_Try it_: For the records below, copy exactly the span that begins at the line containing "Irland's Nr. 1 der Folksmusik" and stops after the line containing "Keresse meg a", minus any pictures.

_Working data_:

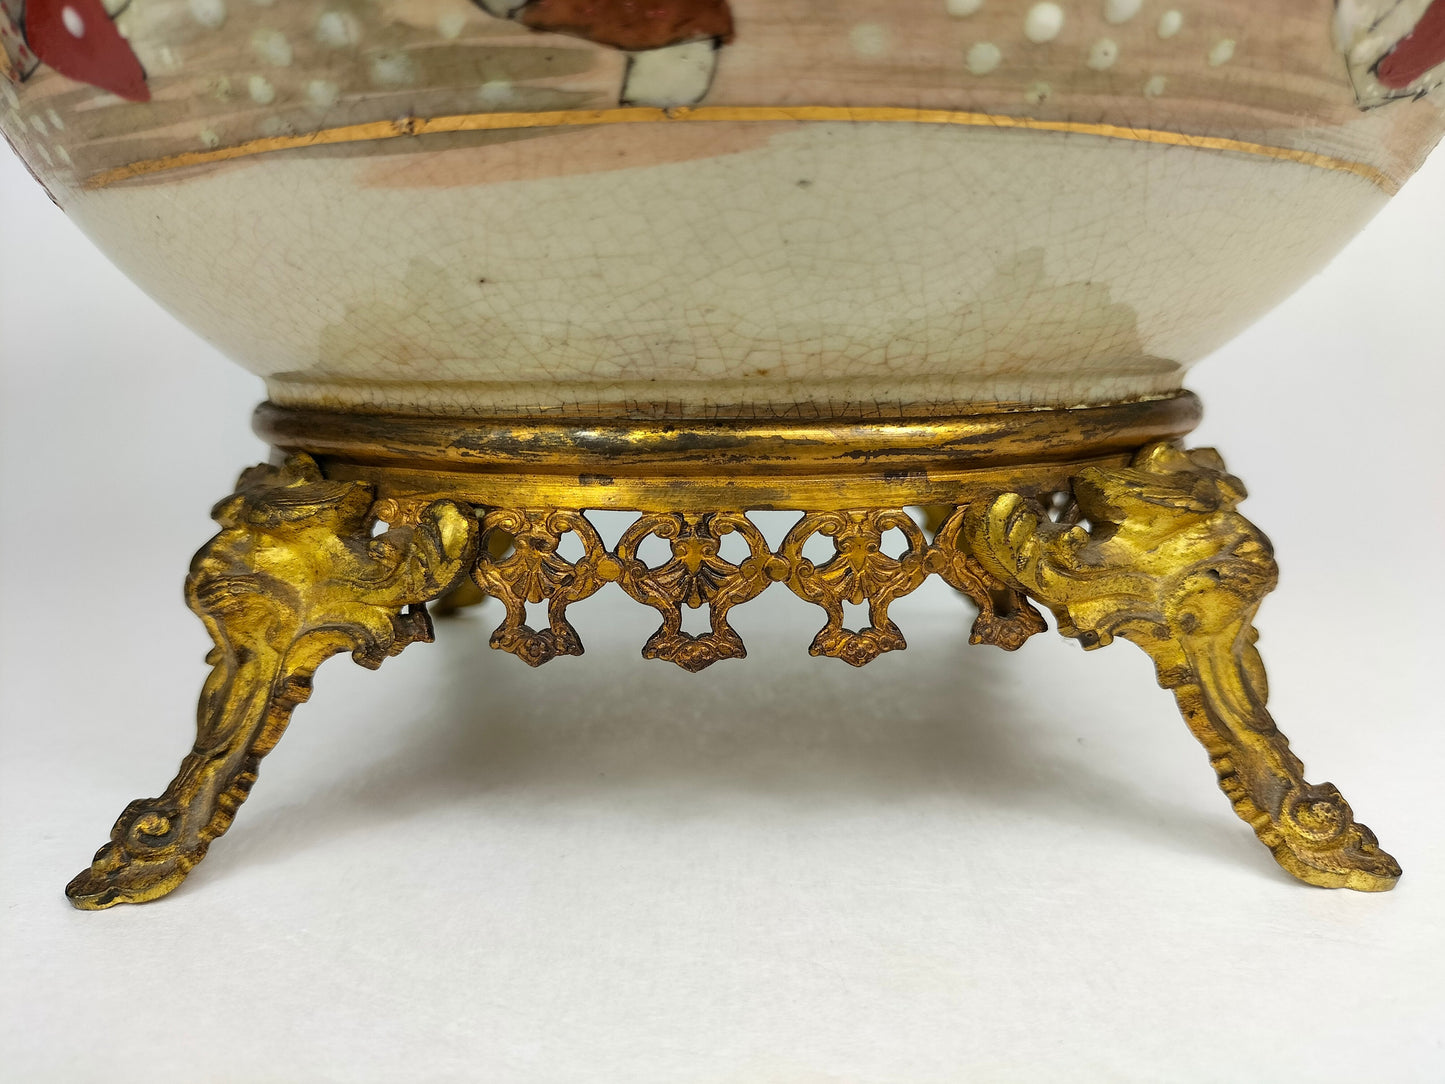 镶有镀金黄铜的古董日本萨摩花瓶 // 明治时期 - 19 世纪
--
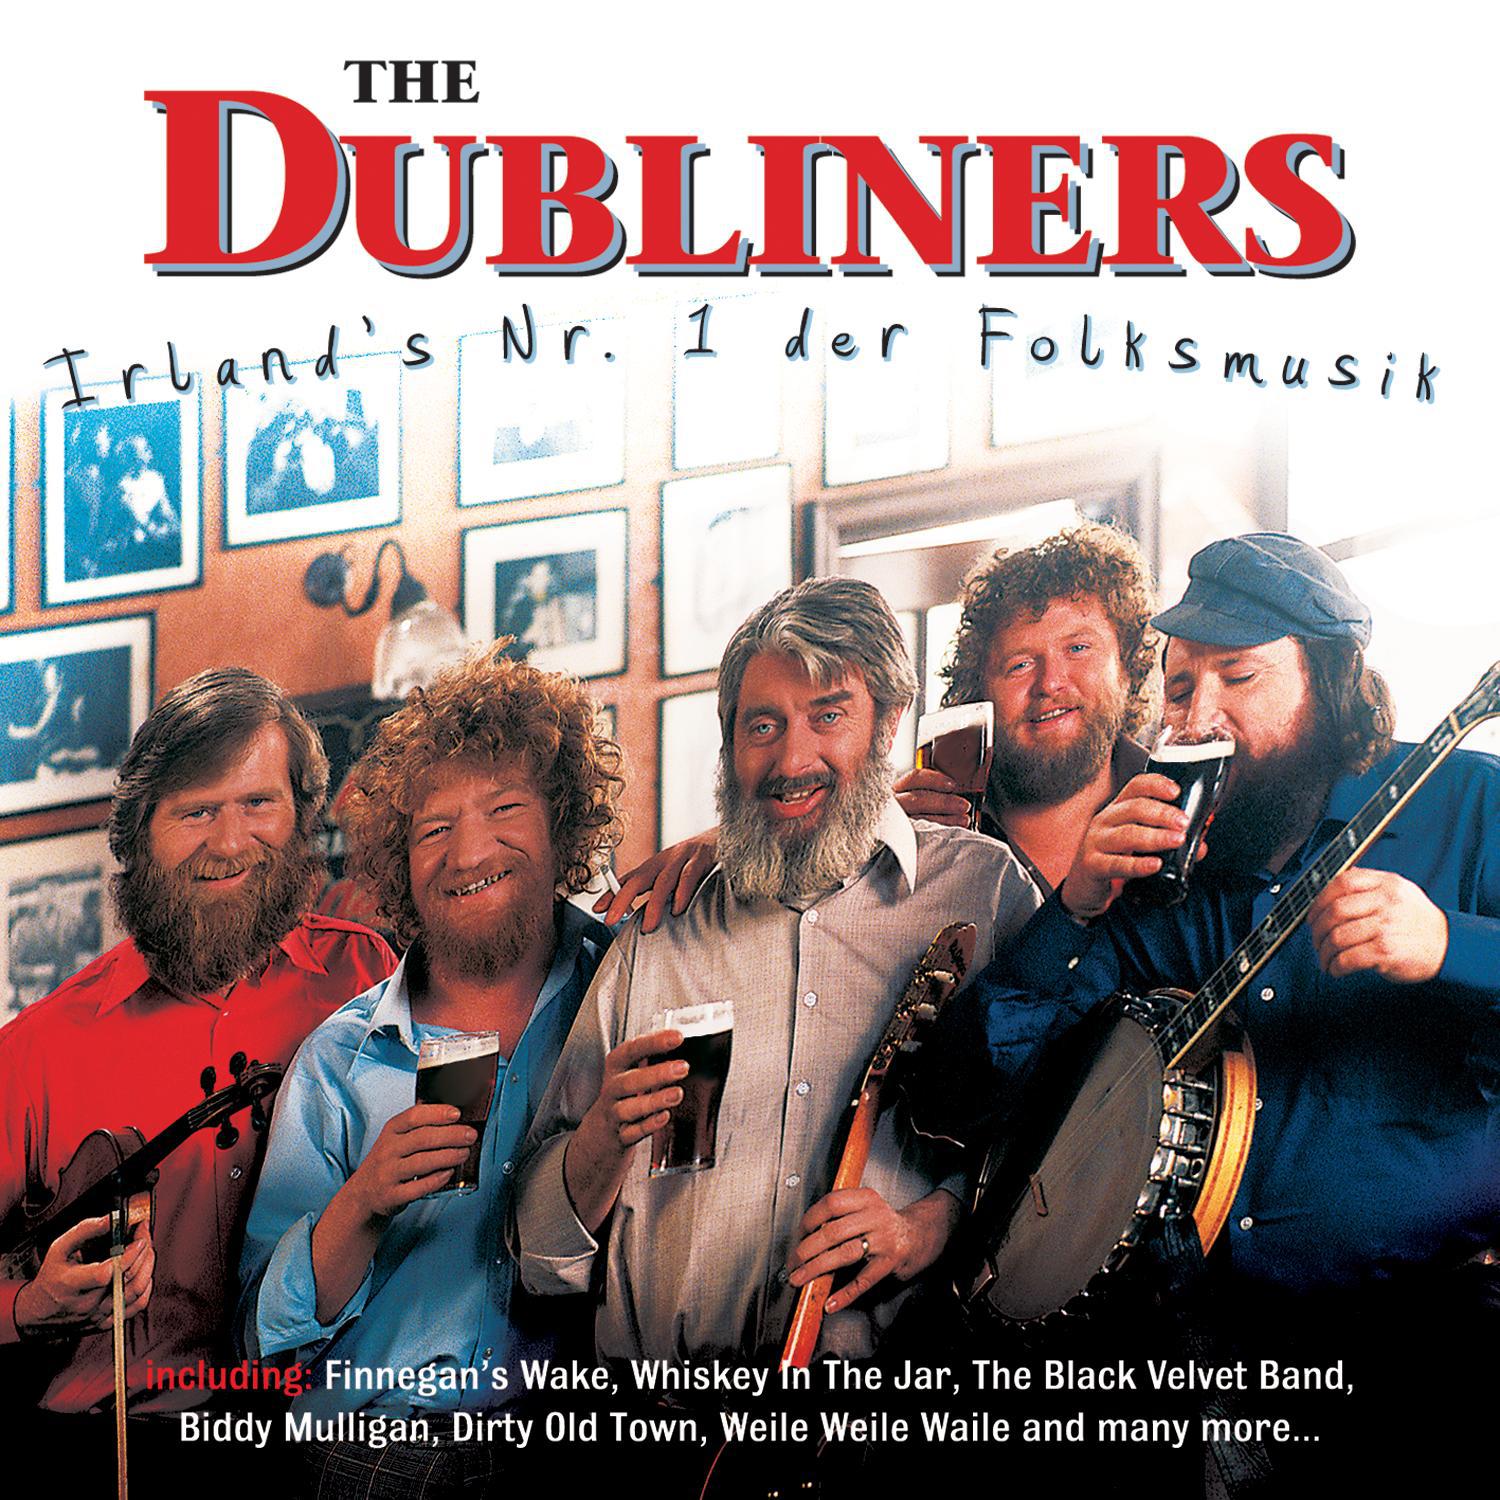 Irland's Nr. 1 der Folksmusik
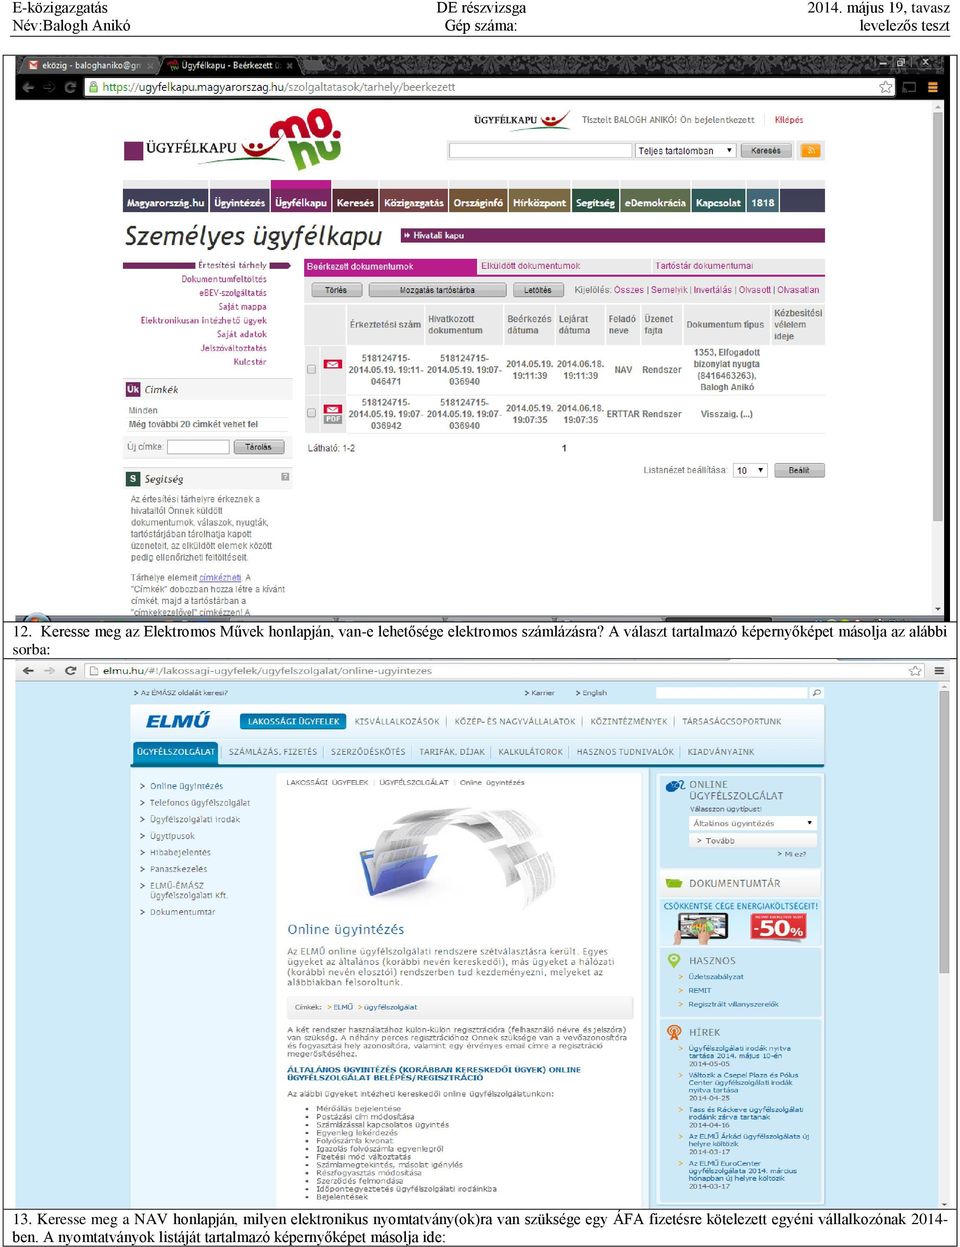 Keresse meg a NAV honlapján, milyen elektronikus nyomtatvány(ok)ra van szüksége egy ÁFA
==
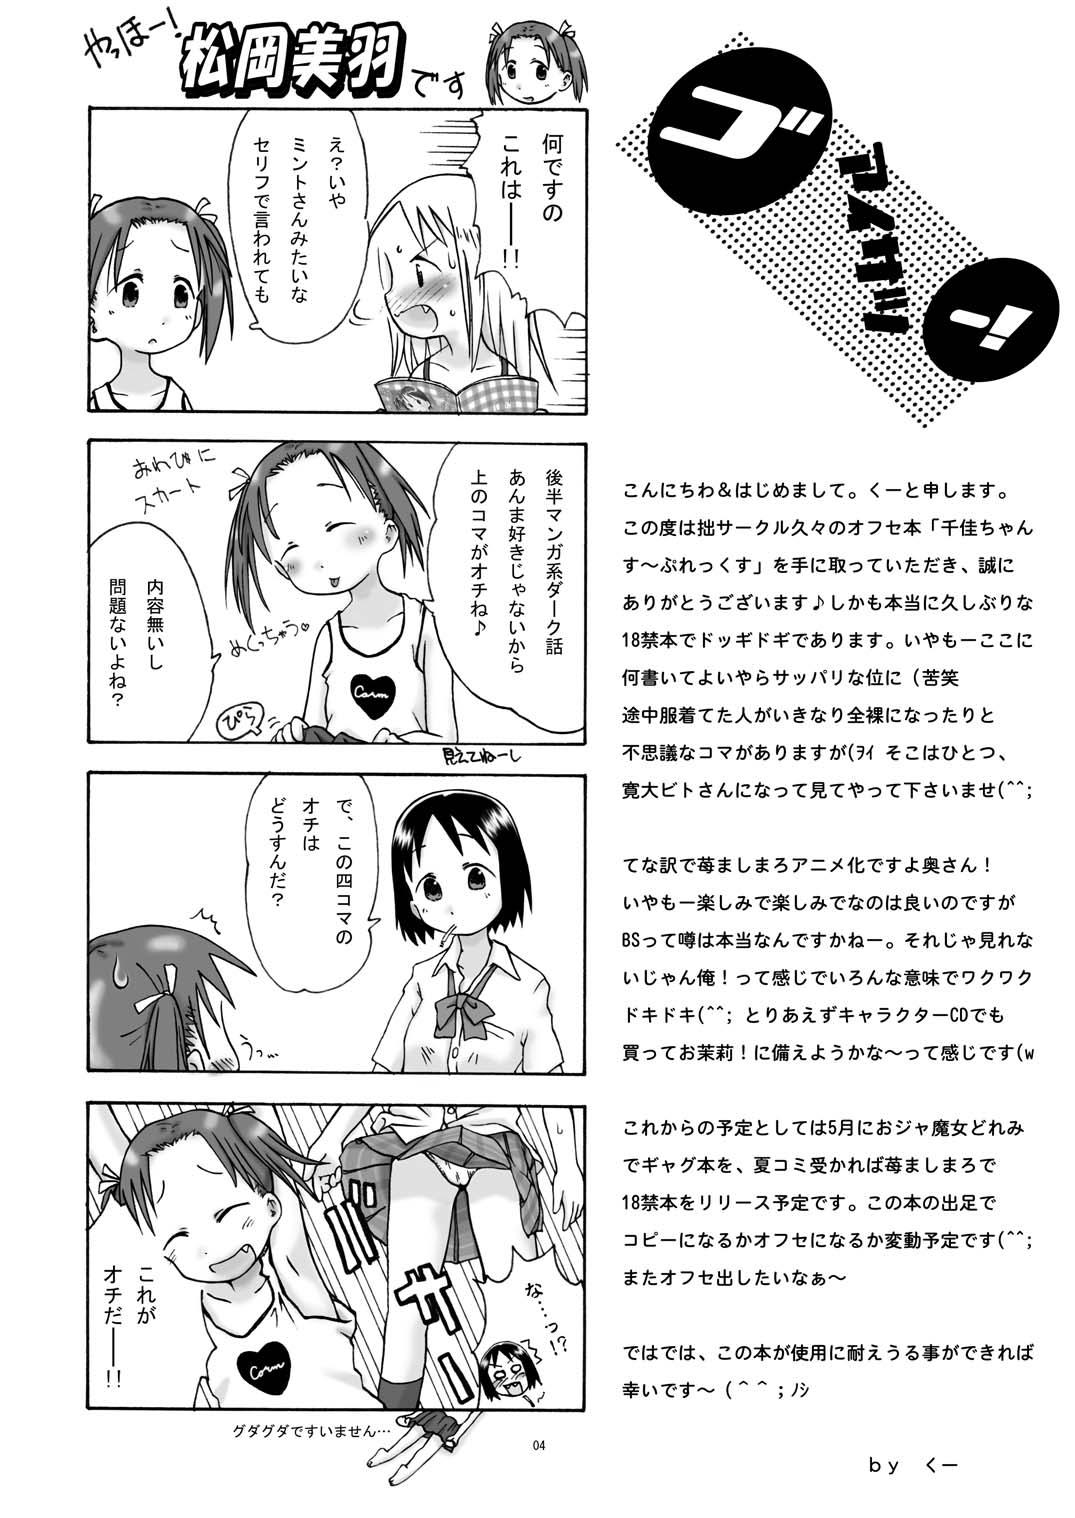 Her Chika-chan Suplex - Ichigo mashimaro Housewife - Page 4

_The completed task_:
 Irland's Nr. 1 der Folksmusik
 Keresse meg a NAV honlapján, milyen elektronikus nyomtatvány(ok)ra van szüksége egy ÁFA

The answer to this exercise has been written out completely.